At the end of the summer, the third season of See arrived in Italy, the series that began in 2019 and which, given its international success, continues this year with new episodes. Inspired perhaps by the pandemic and perhaps by the book Blindness by Nobel Prize-winning writer José Saramago, See depicts a dystopian future where humanity is reduced to two million people who are all blind. In this future, seeing is considered heresy, so much so that when twins with the gift of sight are born, they will be persecuted. Inspired by the fantasy genre and starring Hawaiian actor Jason Momoa, who became famous as Khal Drogo in Game of Thrones, this series tells the story of how being able to see almost turns into a legend passed down by the ancients.

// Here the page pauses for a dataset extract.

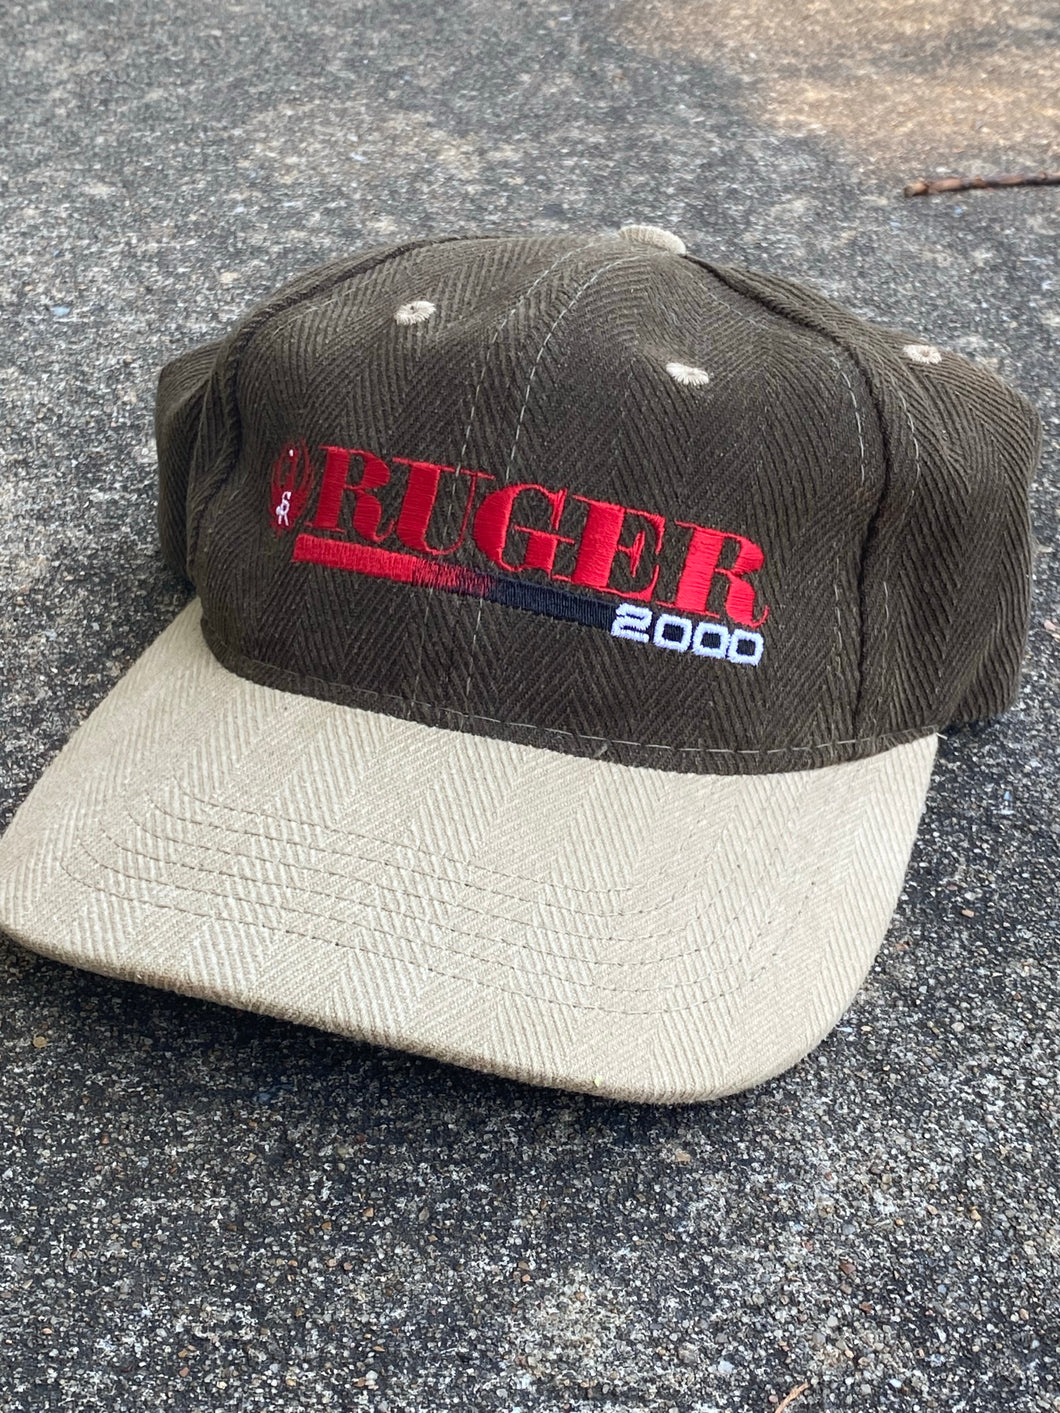 Ruger 2000 Hat

The story, in fact, takes place on our planet five centuries after the great pandemic and has two armies fighting. On one side are the “good guys,” led by Jason Momoa himself, who here plays Baba Voss, adoptive father of the two sighted twins, the only ones on earth, and on the other side is General Tamaci Jun, head of the villainous Witch Hunters. With a cast consisting of many blind and visually impaired people, See is not only an excellent action fantasy series, but also poses interesting philosophical questions, showing how a village of blind people can fight, live, and organize themselves, while raising two children, the only ones who can see. In addition to being full of twists and turns, See has at the centre of its narrative precisely the theme of sight, understood as the way in which we relate to the outside world, as a tool that can foster or hinder our ability to know and understand our surroundings. For the first time, sight becomes a flaw and those who have it are considered “different.” So, by reversing the concept of “being different” with which we are used to being confronted, this series helps us reflect on how, even in contemporary society, there are elements in common with the Gothic world it depicts.
Created by Steven Knight, contributor to some of the most successful recent series, See is an apocalyptic, violent and gripping story, capable of tackling contemporary issues such as the ecological, ethical and moral disaster that has led humanity to live, after centuries of civilization, in an almost primitive state, in tribes fighting against each other, villages made up of men imprisoned by superstitions and lacking the ability to see in the broadest sense of the term. It is precisely in the title See that the meaning of the story is summed up. This huge production by Apple TV shows how much cinema can still have the strength to invent and tell stories that, imagining a distant future, perhaps in truth show us a present which man is not yet ready to see, with eyes closed or open.